= Institutio canonicorum Aquisgranensis =

9th c. Church governance text

The Institutio canonicorum Aquisgranensis ('Instruction of Canons of Aachen') was a text disseminated in 816 at a church council gathered at Aachen (Aix-la-Chapelle) by Emperor Louis the Pious, which sought to distinguish canons from monks and to provide canons with a rule, called the Regula canonicorum (Rule of Canons) or Rule of Aix. The Institutio consists of a prologue, a collection of texts from Church Fathers, and the rule itself. Similar to Chrodegang's Rule (itself at times called the Regula canonicorum), it differed on certain points.
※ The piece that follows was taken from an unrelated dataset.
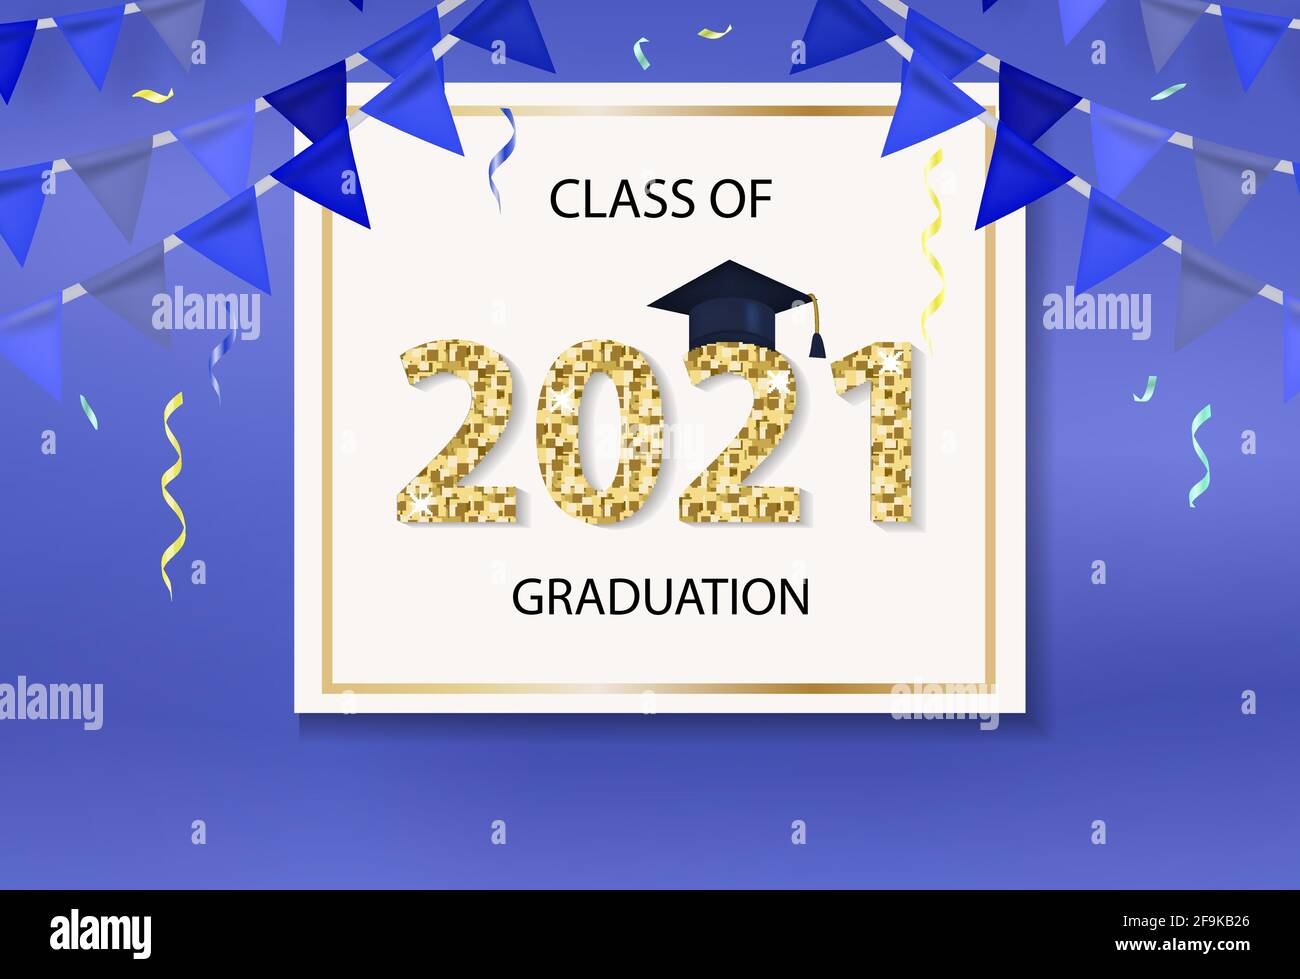 Class of 2021 Graduation Gratulation Vorlage für Ihr Design mit Graduation Hut und glänzenden Zahlen. Vektorgrafik Stock Vektor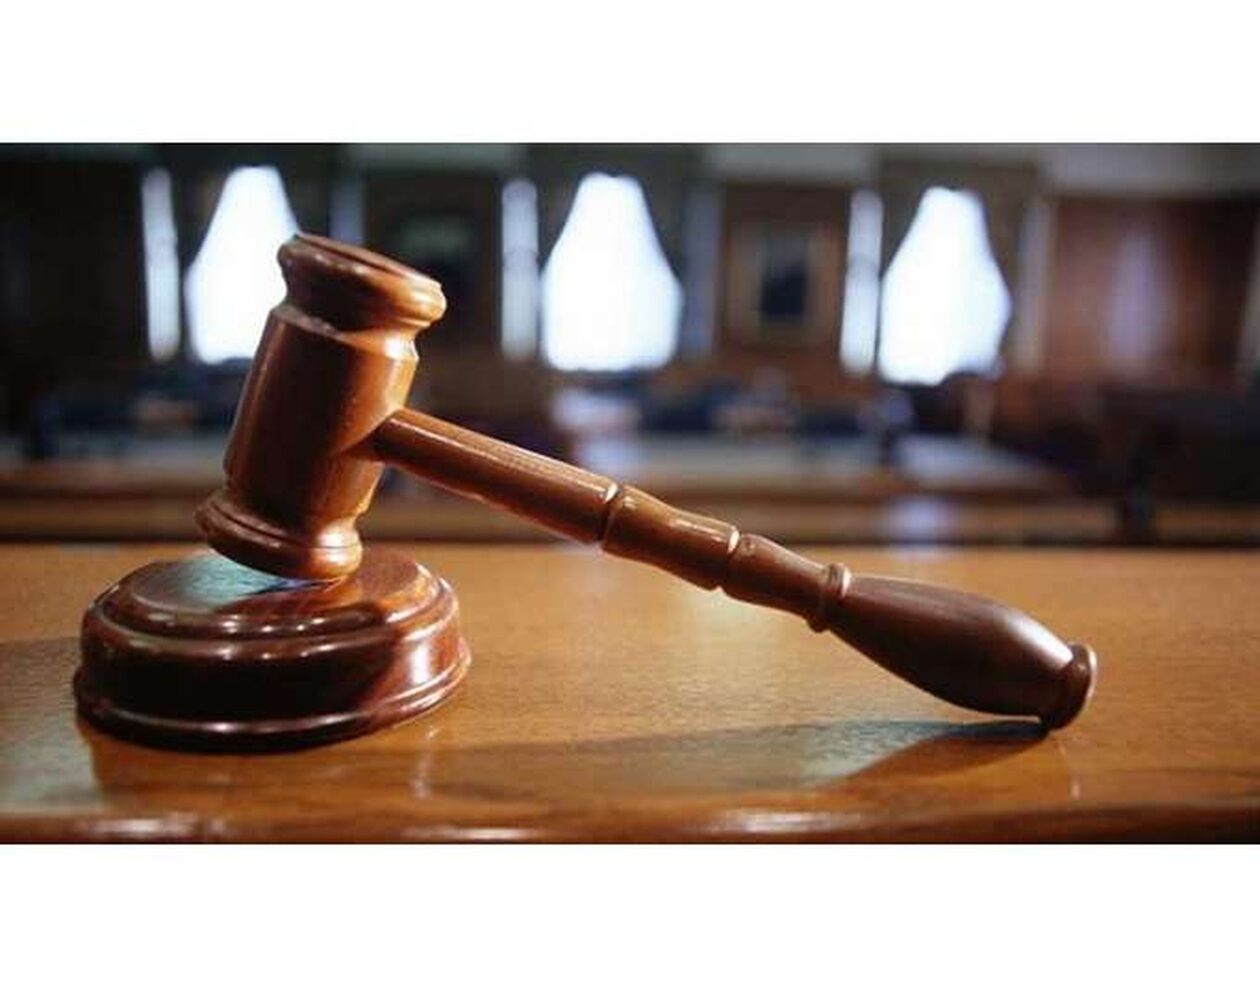 Πρόεδρος Δικαστών και Εισαγγελέων για Πολάκη: Σοκαριστική ανάρτηση - Συνιστά συνταγματική επιτροπή

It was, for instance, more insistent on canons living a common life, eating and sleeping together. Yet canons were allowed to hold private property, and, with their bishop's permission, even have their own houses.

In the beginning of the eleventh century, the Institutio itself and a version of Chrodegang's rule with interpolations from the Rule of Aix were put forth as models for reforming Cathedral chapters. During the Gregorian Reforms of the mid and later eleventh century, however, many reformers believed that the Institutio was not rigorous enough. These reforms helped to lead to the creation of the various forms of the Augustinian Rule. Canons still following the Rule of Aix were said to be part of the ordo antiquus (old order), as opposed to ordo novus (new order).